The second even bigger hint is that the numbers look absolutely nothing like the numbers we observe in the general population, on several measures.
The infected population is mostly male, and of course it was mostly travelling and engaging in unusually high risk activities and almost certainly stuck in a superspreader event.
Most cases (74%) were symptomatic, which isn’t normal when looking carefully for cases.
Most cases (74% again) were in vaccinated people, which was higher than the population percentage that was vaccinated in the surrounding area. We know vaccines are effective at preventing Covid-19 and at preventing symptomatic Covid-19, and even if they’re not as effective as we think, less than zero is not on the table here, ‘cmon.
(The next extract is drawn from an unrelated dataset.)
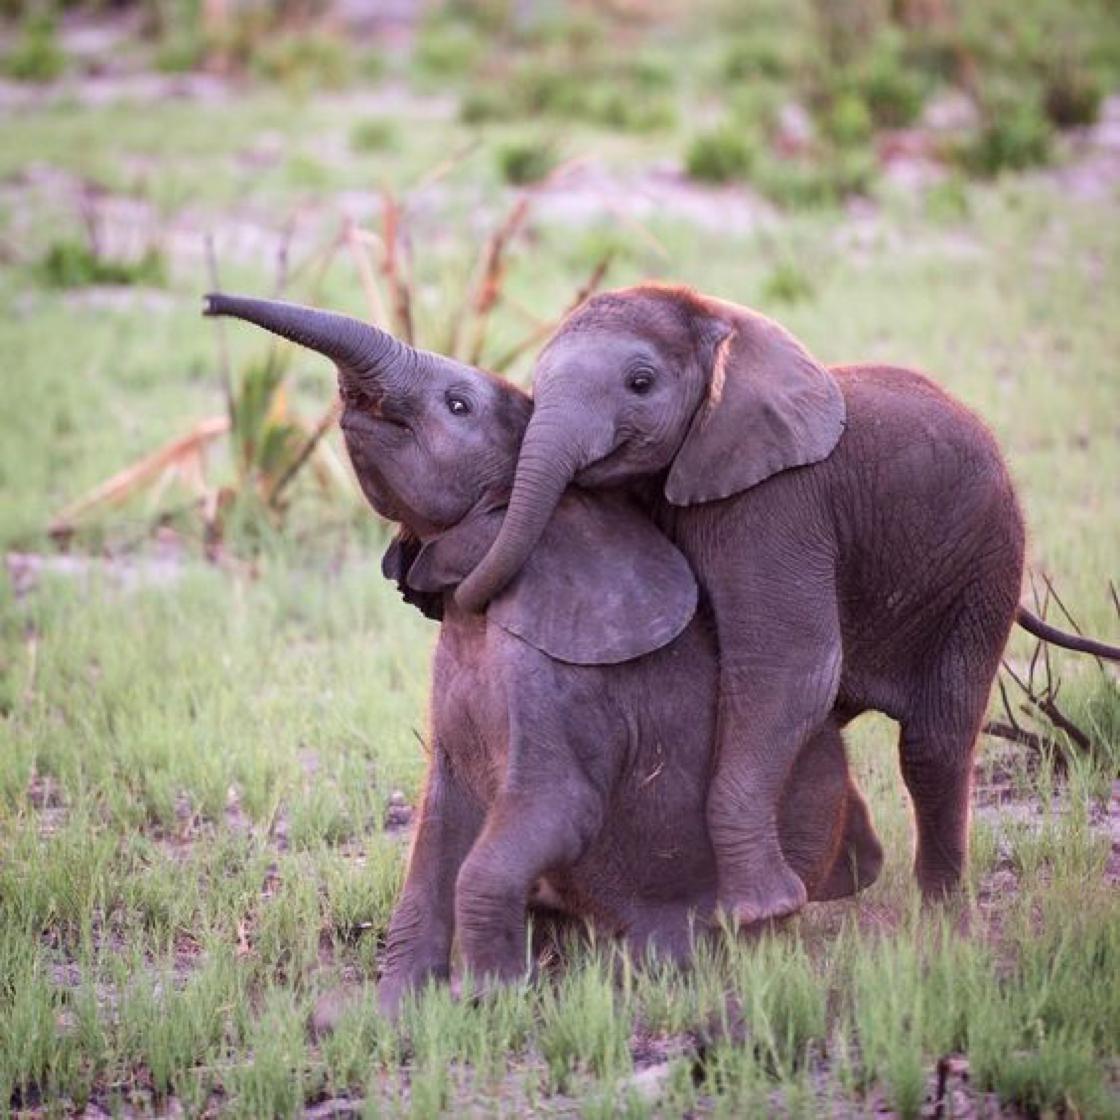 картинка милого слона домики, теремочки прекрасными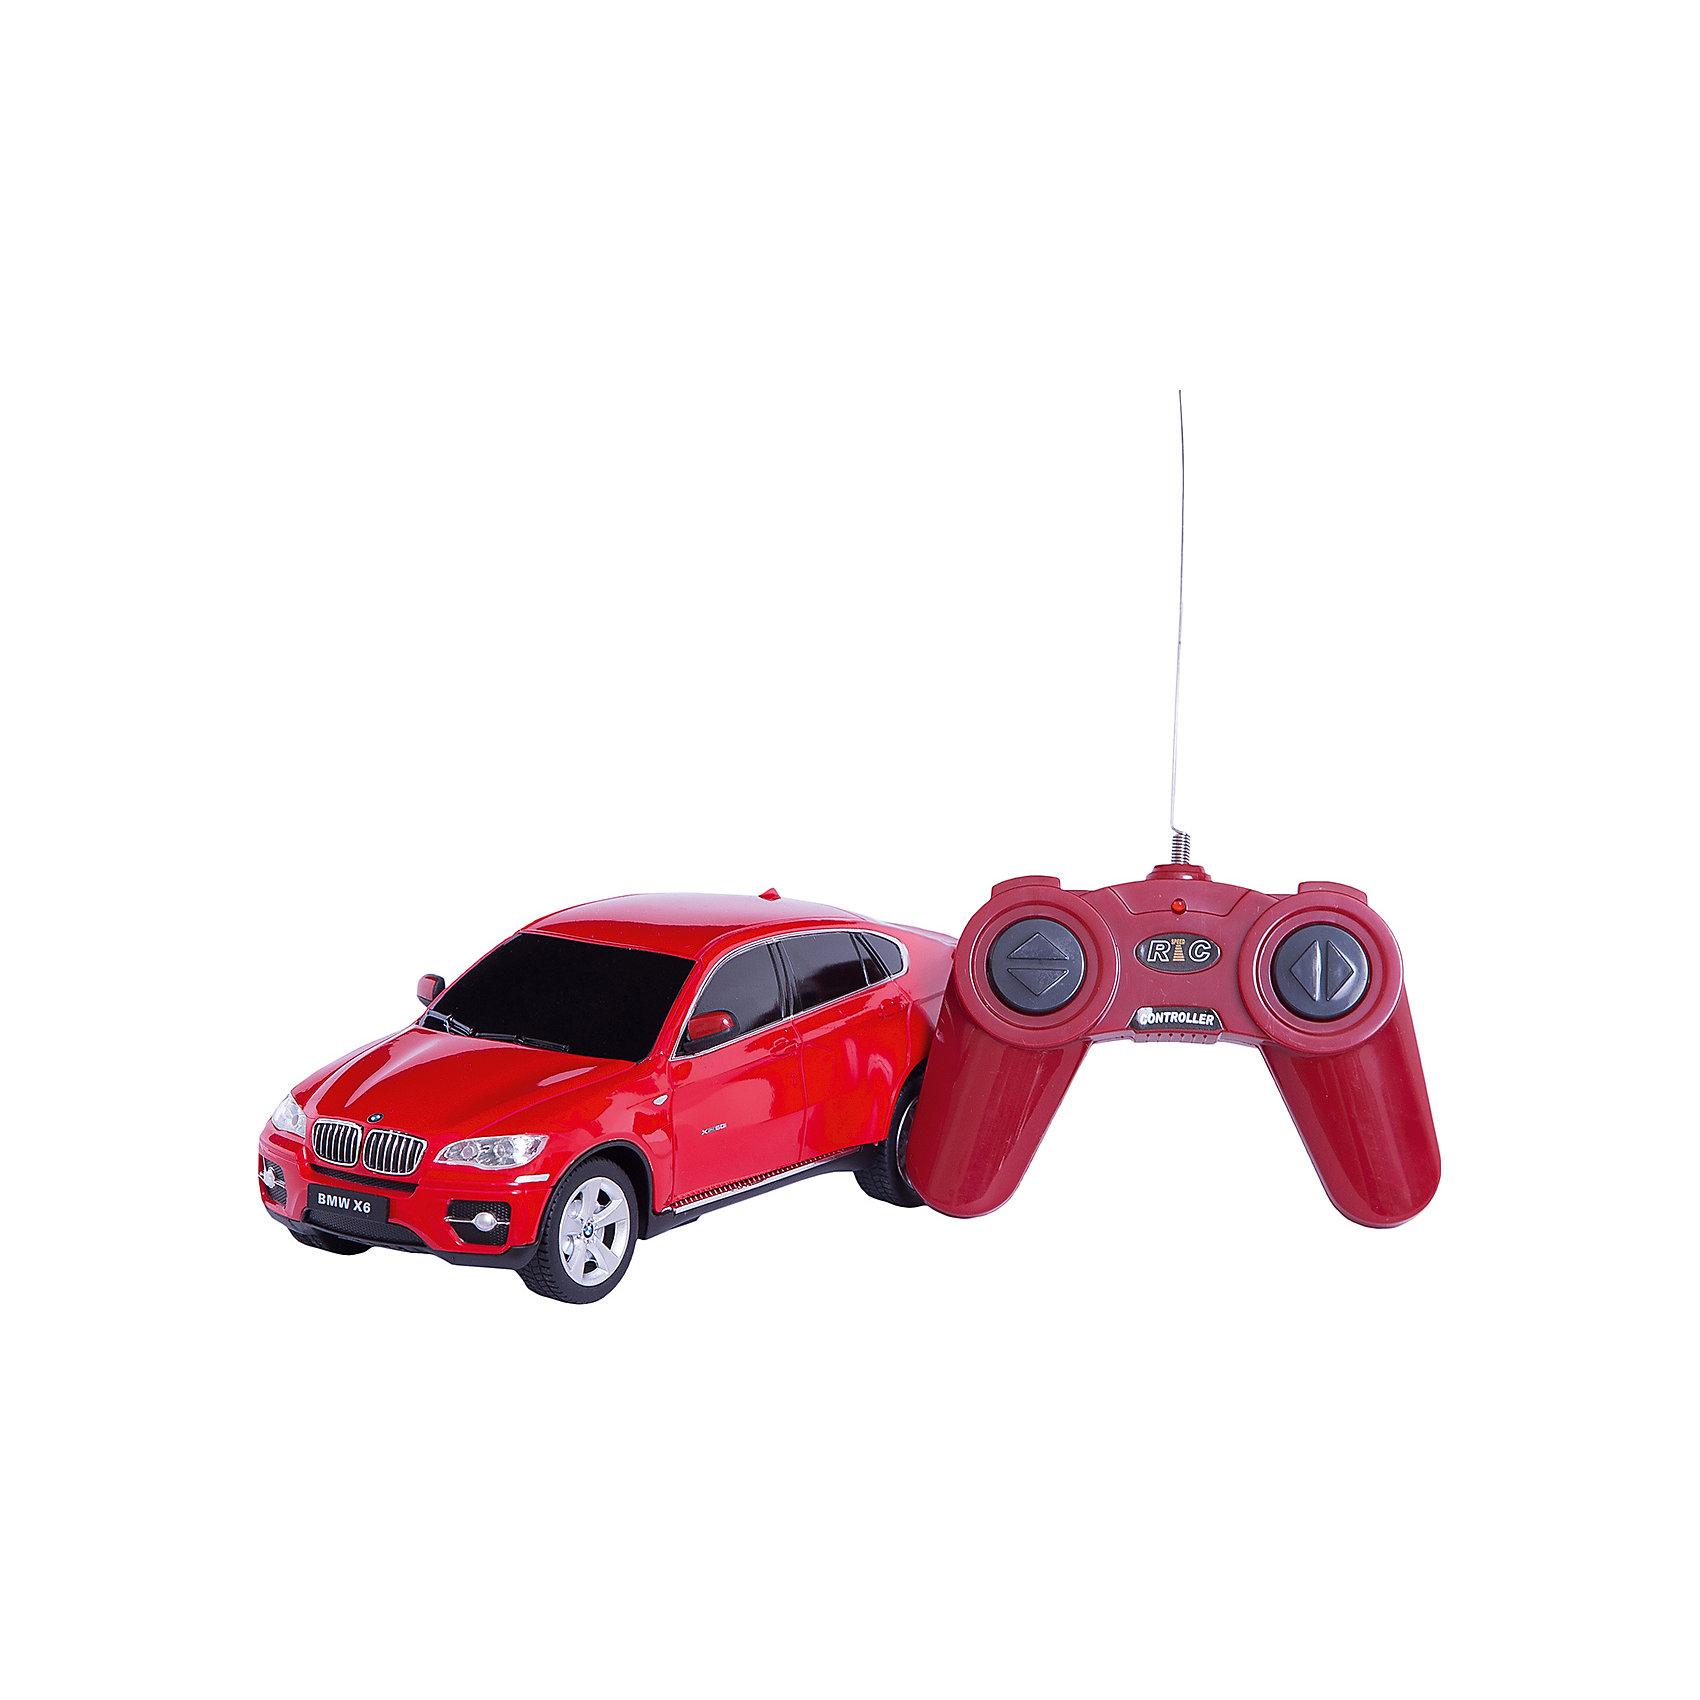 Машина bmw x6, 1:24, Р/у, со светом, RASTAR , в ассортиментеМашинки<br>Машина bmw x6, 1:24, Р/у, со светом, RASTAR , в ассортименте<br><br>Характеристики:<br><br>• Модель: bmw x6<br>• Материал: пластик, металл<br>• Размер упаковки: 7х13х18 см<br>• Размер машинки: 13х4 см<br><br>Машинка полностью повторяет внешний вид настоящей машины bmw x6. Она сможет дополнить коллекцию автомобилей или просто разнообразит игру ребенка. Игрушка сделана из качественного материала, который не только не вреден ребенку, но и очень крепок. В машинке открываются дверки и инерционный механизм. Кроме этого она оснащена звуковым и световым сопровождением.<br><br>Машина bmw x6, 1:24, Р/у, со светом, RASTAR , в ассортименте можно купить в нашем интернет-магазине.<br><br>Ширина мм: 140<br>Глубина мм: 290<br>Высота мм: 120<br>Вес г: 440<br>Возраст от месяцев: 72<br>Возраст до месяцев: 180<br>Пол: Мужской<br>Возраст: Детский<br>SKU: 4950401

Vaccinated cases were more likely to be symptomatic than non-vaccinated cases, which we also know isn’t normal, on top of there being more such cases than the population baseline.
The Ct values in vaccinated patients were as high as those in unvaccinated patients, which was one of the banner headlines in the scare tactic articles, but viral loads themselves were not measured, and again we know that infections in the vaccinated are less severe.
So there are essentially two ways to interpret this data.
Method number one is to become The Man of One Study, think that vaccines suddenly have entirely stopped working, ignore all the other overwhelming evidence to the contrary that’s actually everywhere – even the anti-vax crowd mostly admits the vaccines work – and then reason from there. You could argue that it magically permits full infection and transmission and hospitalization but still prevents death since there were no deaths in this sample, but that doesn’t actually make any physical sense.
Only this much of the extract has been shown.